### GIVEN INFORMATION
--
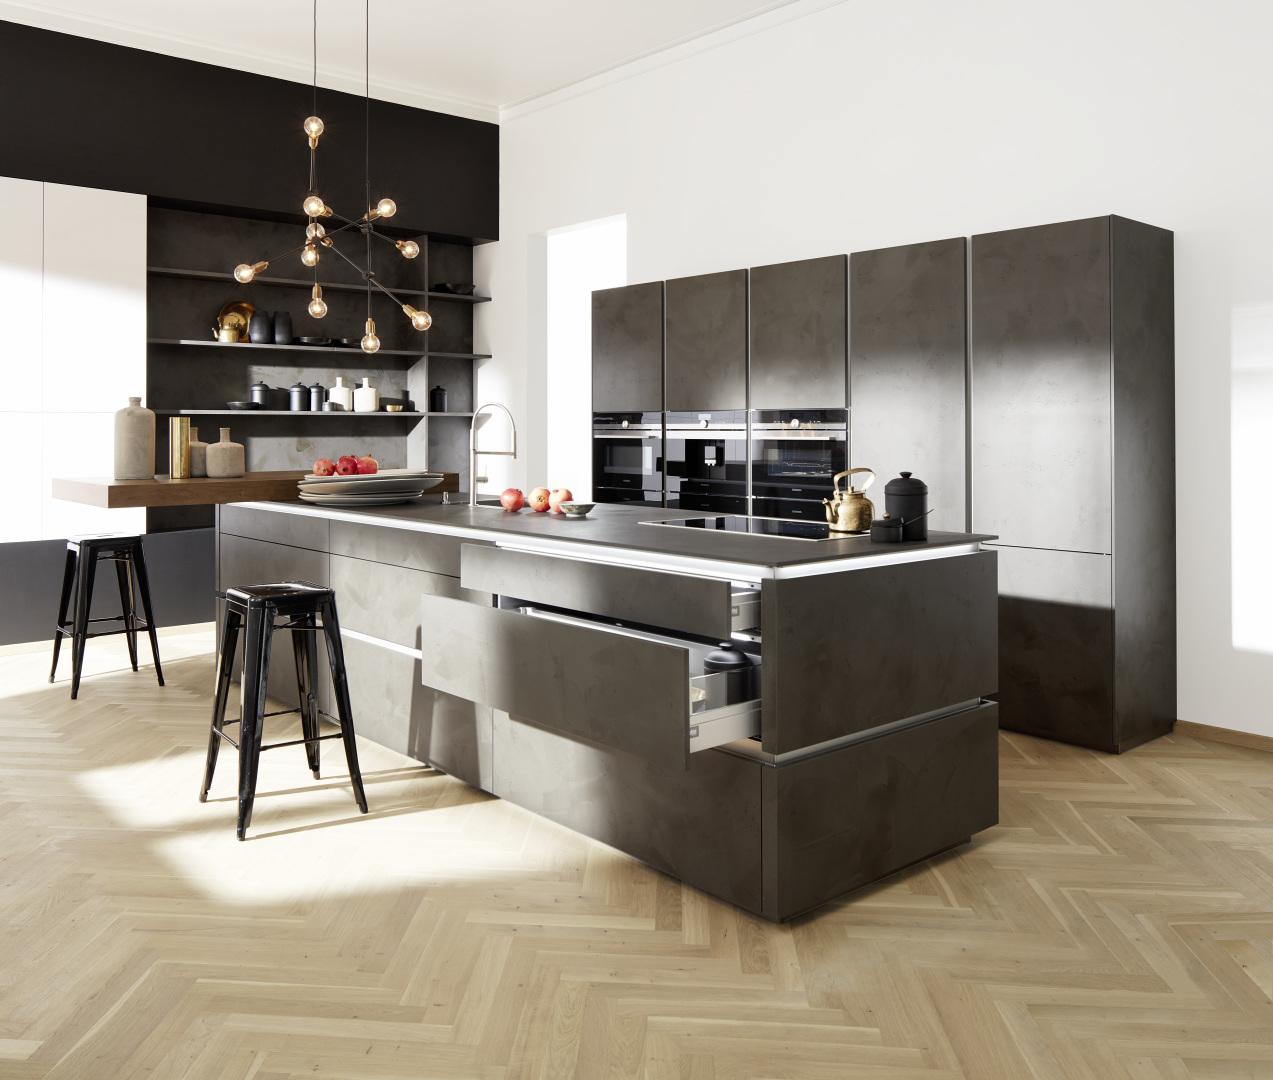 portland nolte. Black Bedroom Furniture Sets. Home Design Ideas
--
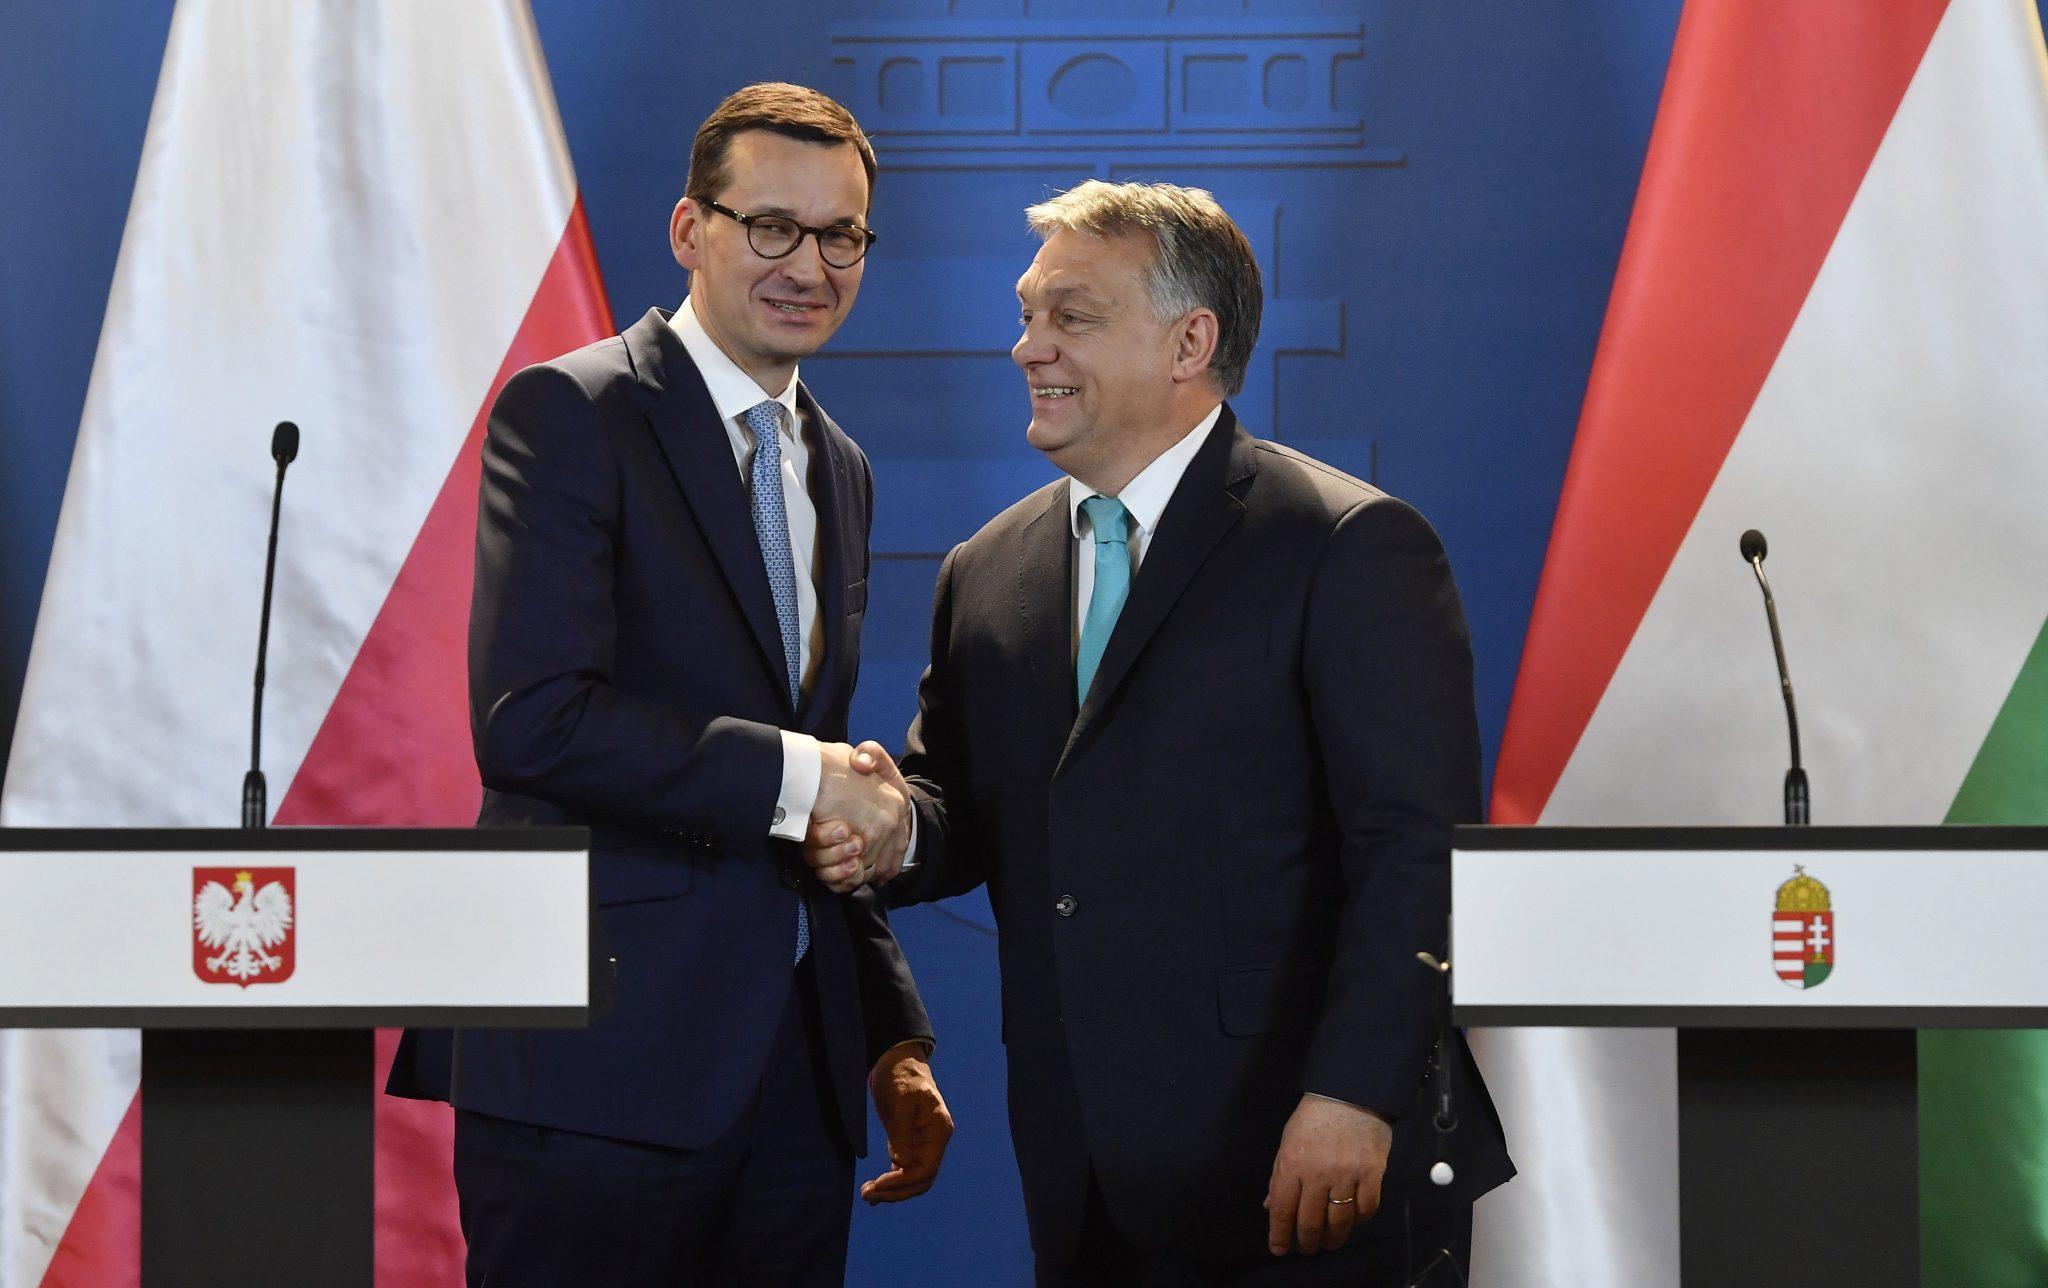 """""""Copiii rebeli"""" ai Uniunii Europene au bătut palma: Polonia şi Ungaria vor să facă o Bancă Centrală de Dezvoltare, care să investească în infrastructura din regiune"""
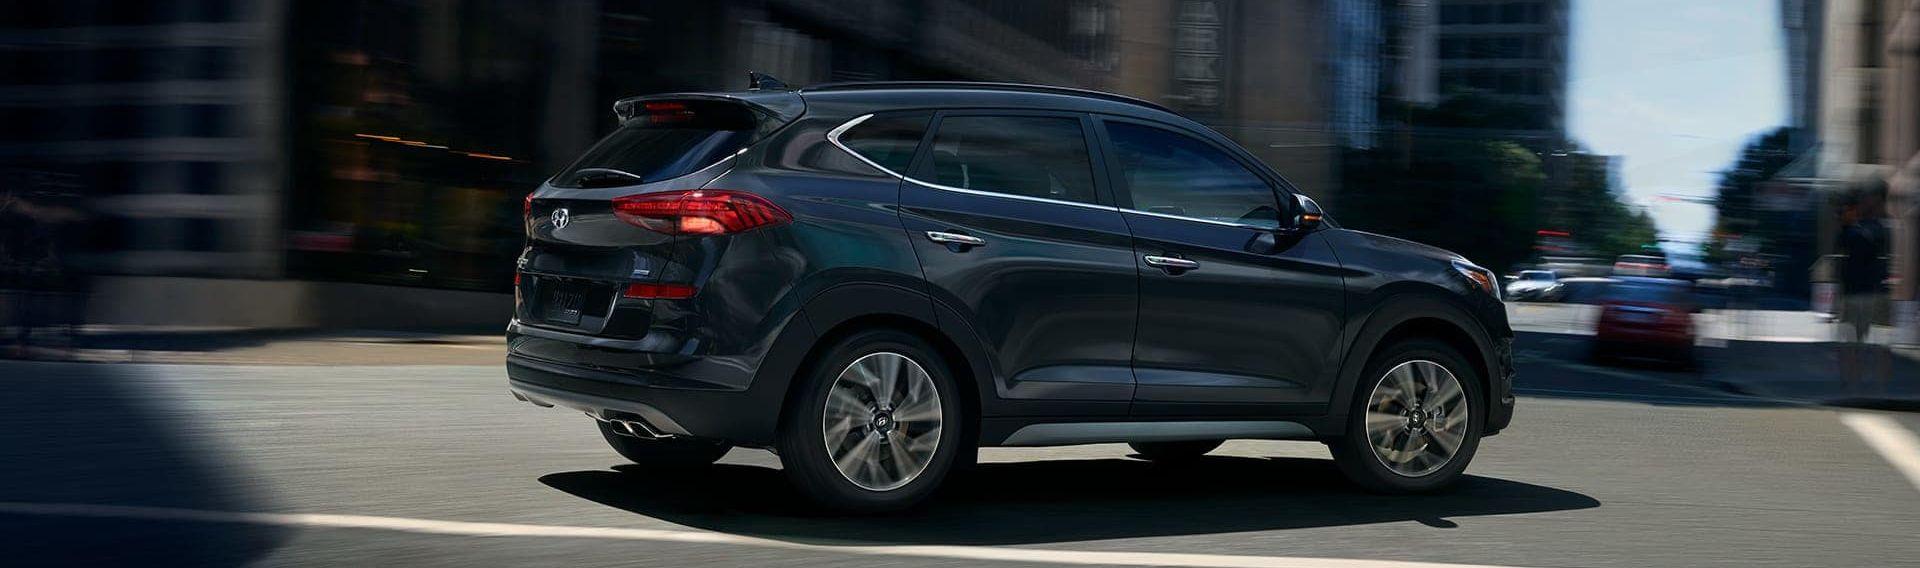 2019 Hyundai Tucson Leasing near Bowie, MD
--
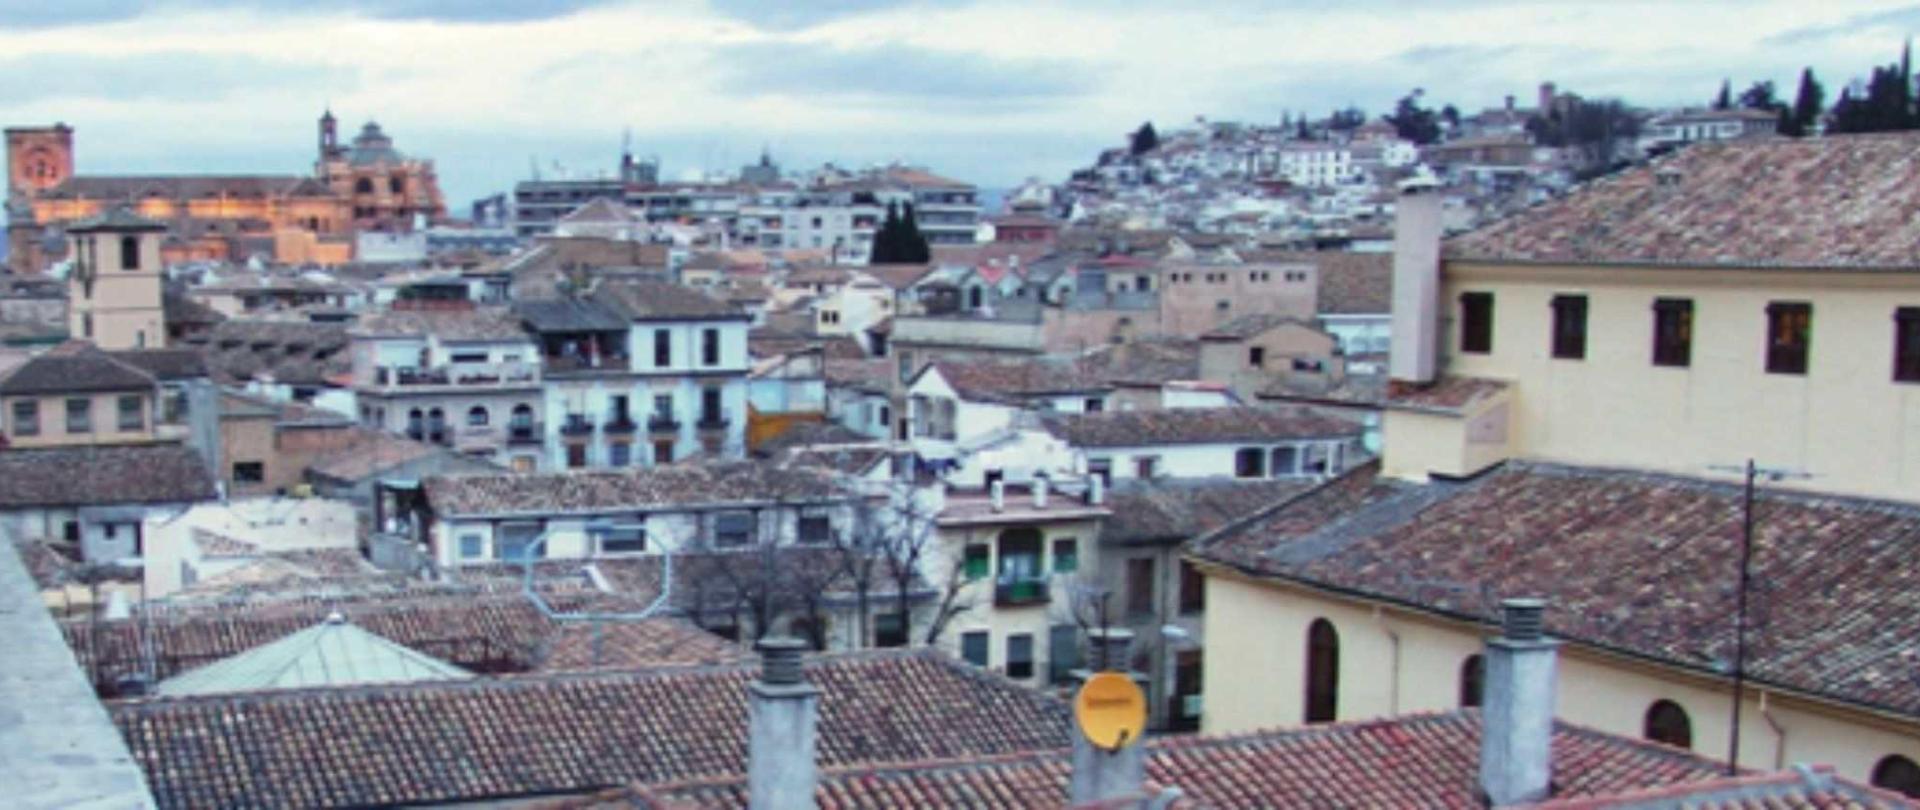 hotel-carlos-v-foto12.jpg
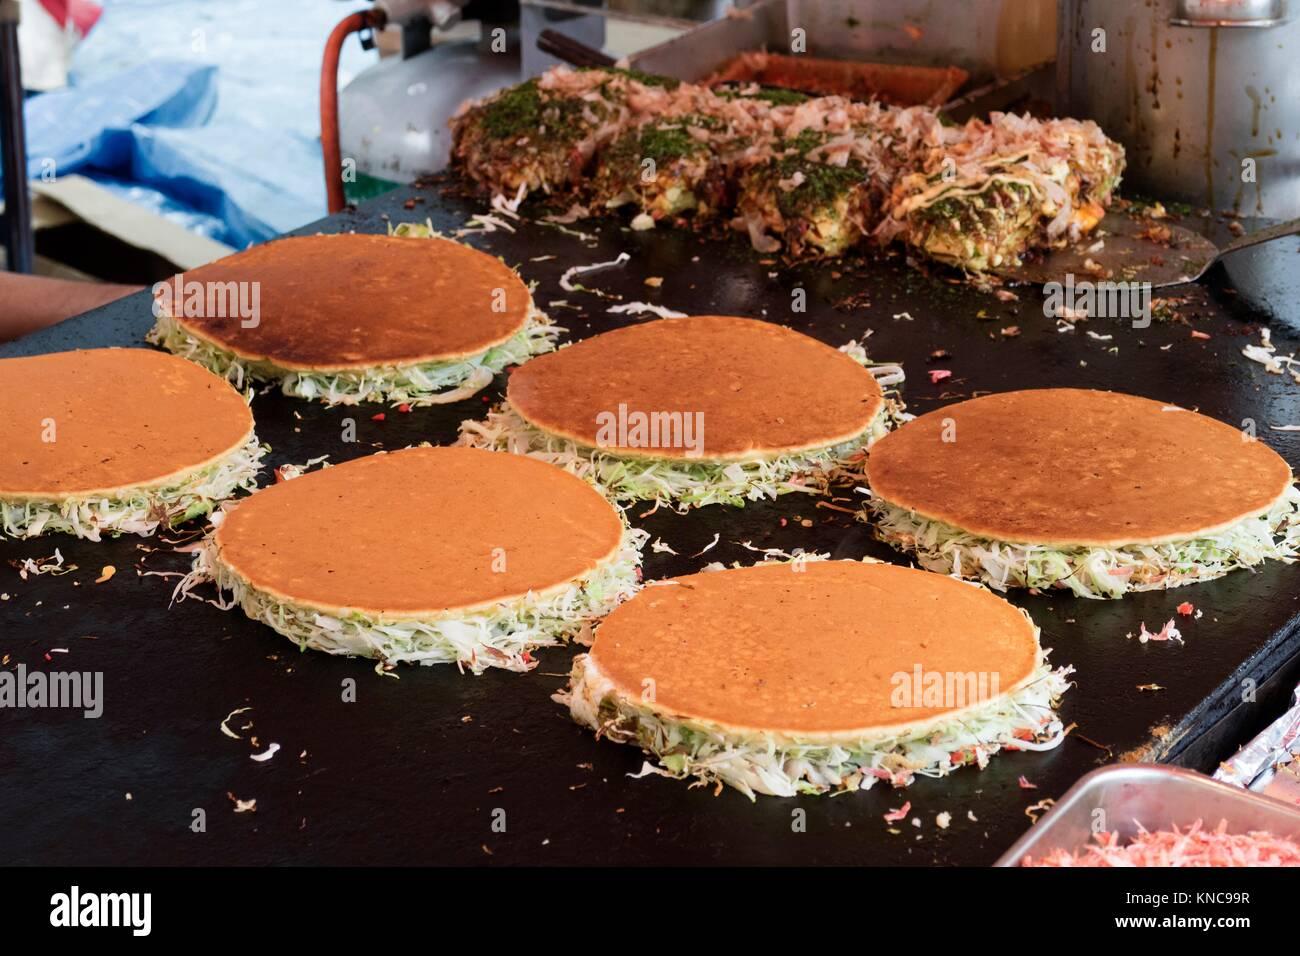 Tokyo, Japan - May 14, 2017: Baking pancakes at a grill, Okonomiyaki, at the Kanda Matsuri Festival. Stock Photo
--
### EXERCISE
Once the line with "hotel-carlos-v-foto12.jpg" is found in the data above, reproduce it and each line after it exactly, through the line with "Tokyo, Japan - May". Omit the pictures.

### RESULT OF THE TASK
 hotel-carlos-v-foto12.jpg
 Tokyo, Japan - May 14, 2017: Baking pancakes at a grill, Okonomiyaki, at the Kanda Matsuri Festival. Stock Photo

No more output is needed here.